Когда путник открыл глаза, солнце уже било в купольное окошко его комнаты в караван-сарае Рисоторговцев. Во дворе слышался плеск воды, стук деревянных башмаков, голоса менял. Была суббота. Но для начала новой торговой недели в таком большом караван-сарае было тихо. Гостей немного, половина келей пустовала.
Он давно уже не останавливался ни в дервишских обителях — ханаках, ни в медресе. В обителях нужно было подчиняться порядкам, установленным шейхом, участвовать в маджлисах. Он не желал стеснять своей свободы и к тому же не принадлежал ни к одному из суфийских толков. Он был не из них.
В медресе ему по праву хозяева могли задавать вопросы или втянуть в богословский спор. Он не желал да и не умел отвечать в любое время на любой вопрос, как записные улемы. А если бы стал говорить своим языком то, что думал, его, чего доброго, зачислили бы в еретики и неверные. Опыт у него был. Он успел обойти многие мусульманские города, нигде не задерживаясь подолгу. Не зря прозвали его Летающим.
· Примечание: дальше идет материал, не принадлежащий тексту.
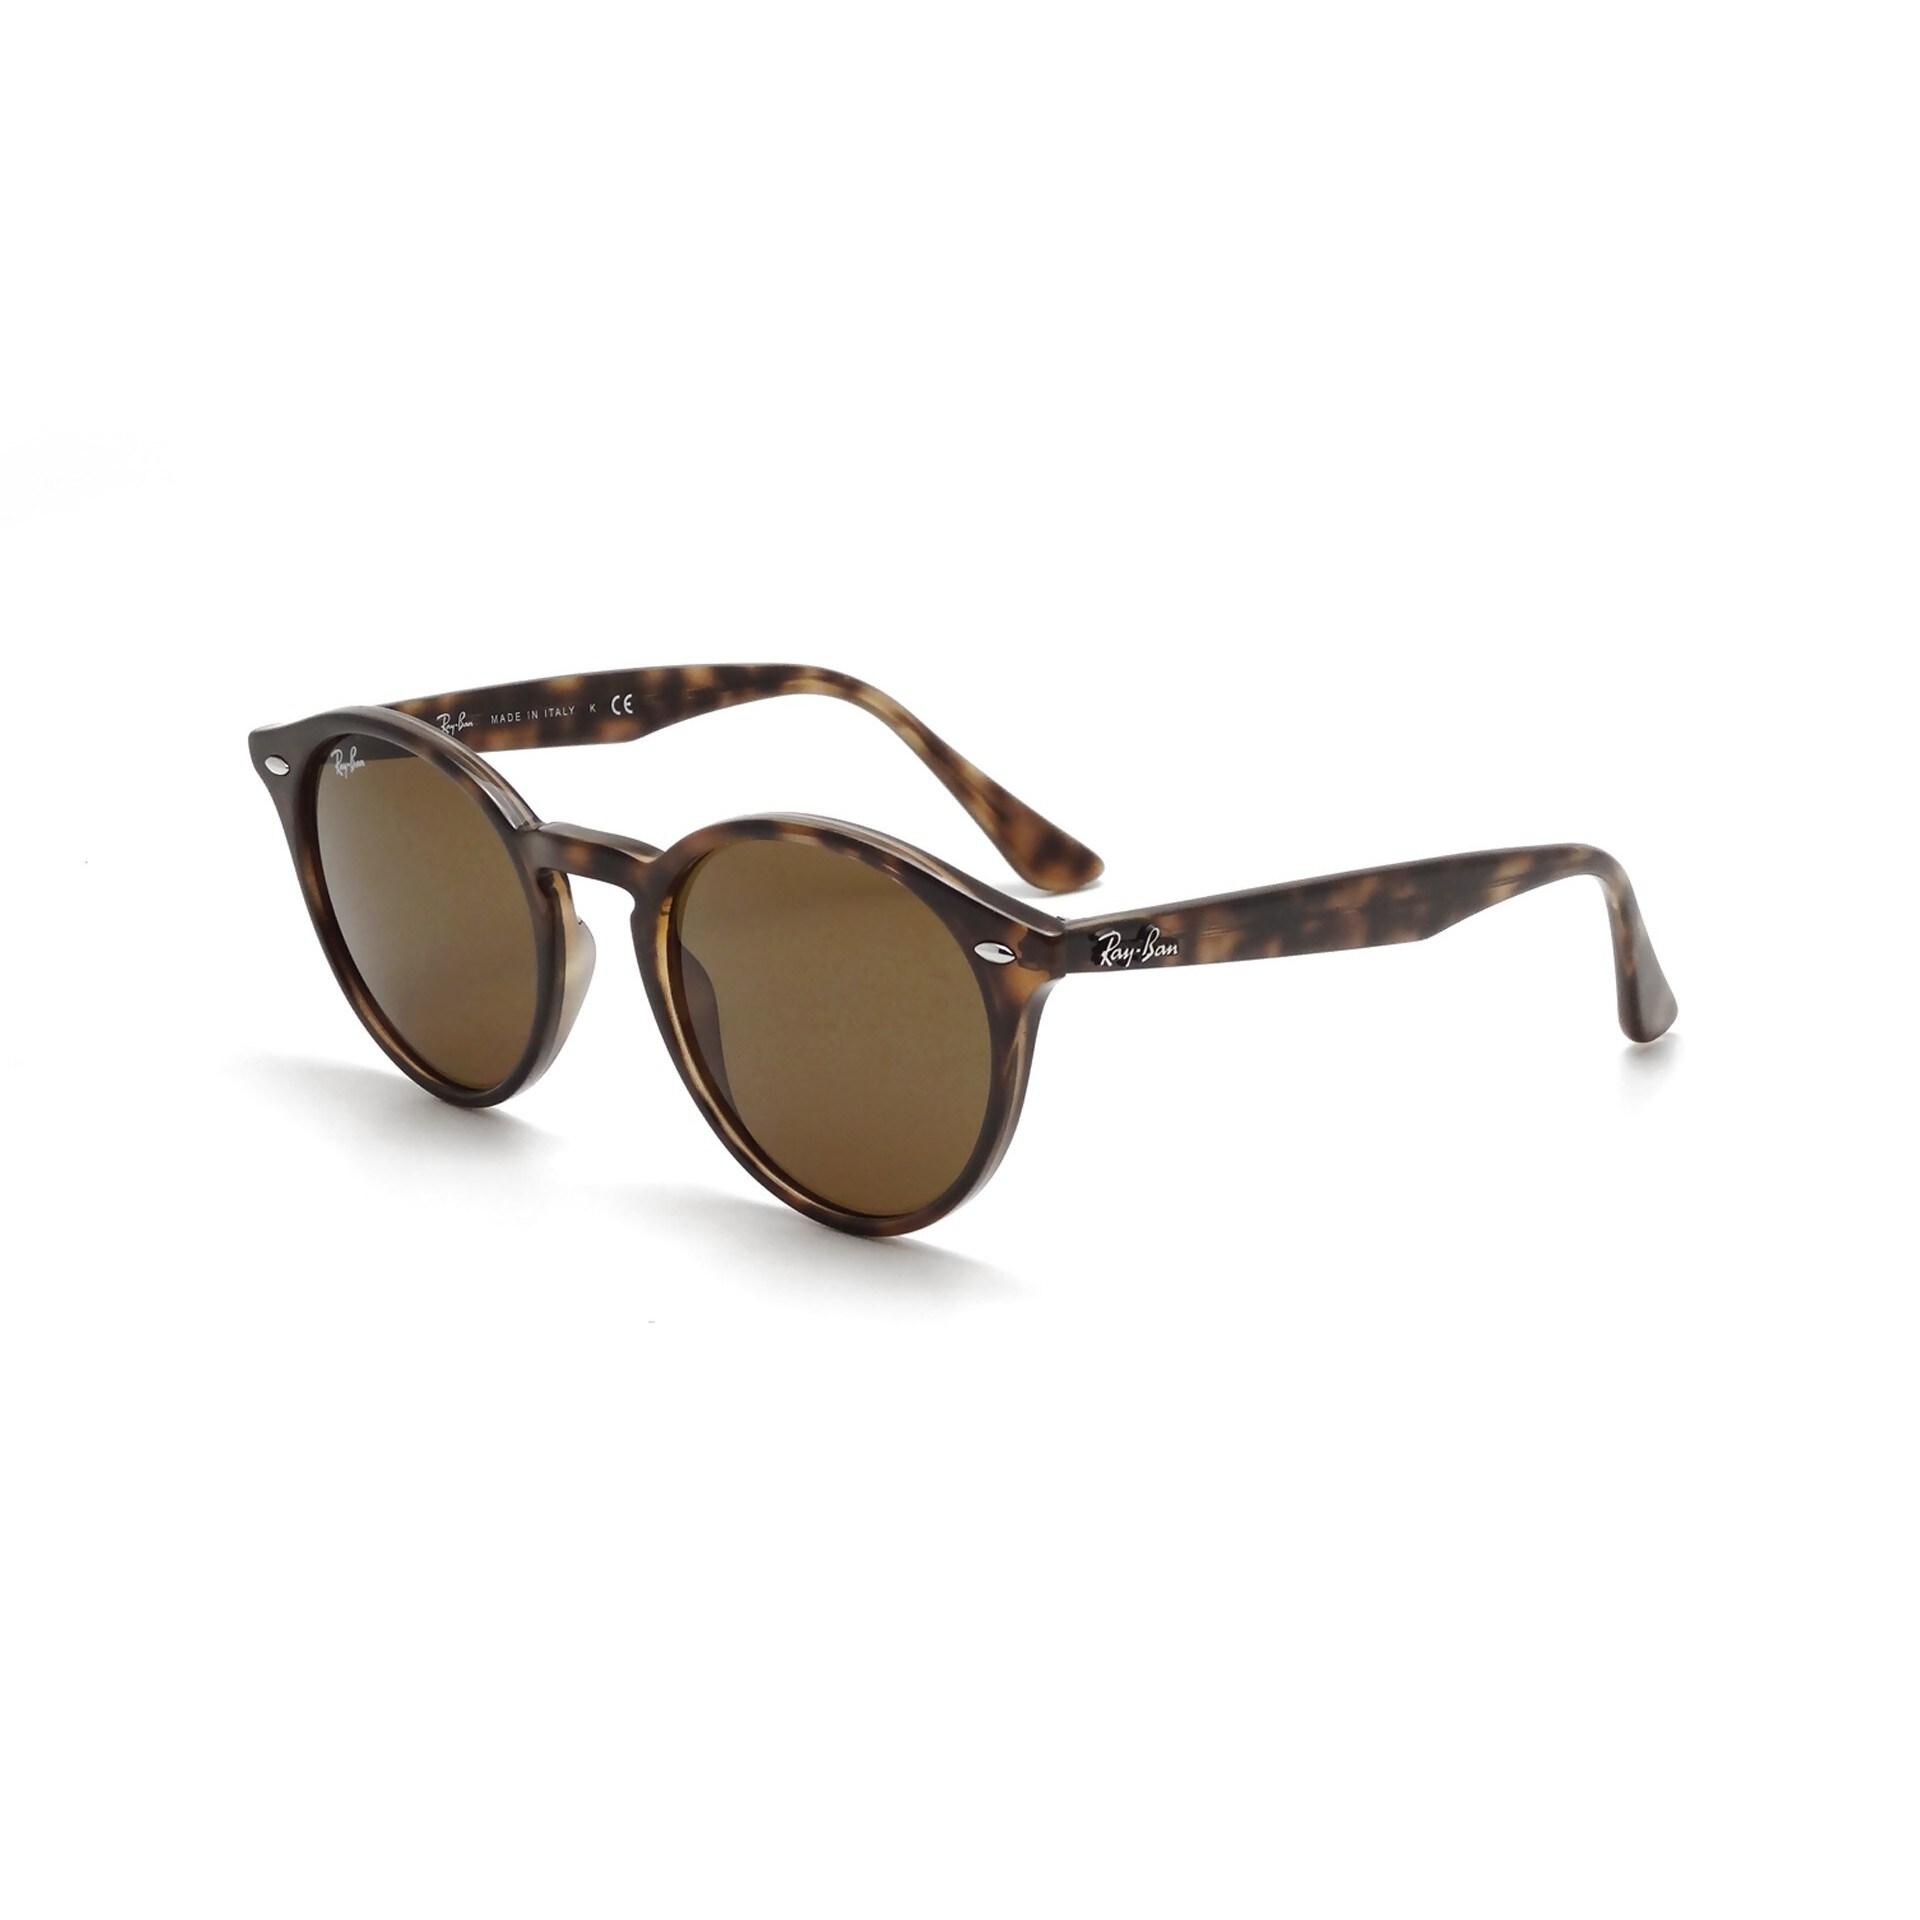 7154d0bc28d36 Tortoise Women s Sunglasses

К тому же в ханаках и медресе его могли узнать, а он вовсе этого не желал. Ему нужна была свобода — от известности и славы, от обрядов и уставов, от пустых разговоров и отвлеченных бесед. Он был странником, а странникам больше всего подходят караван-сараи.
Он сел. Расчесал бороду. Перепоясался кушаком. Свернул служившую ему столом и постелью циновку. Раскрыл лежавшую в изголовье суму. Достал из нее богатый дамасский халат. Облачился.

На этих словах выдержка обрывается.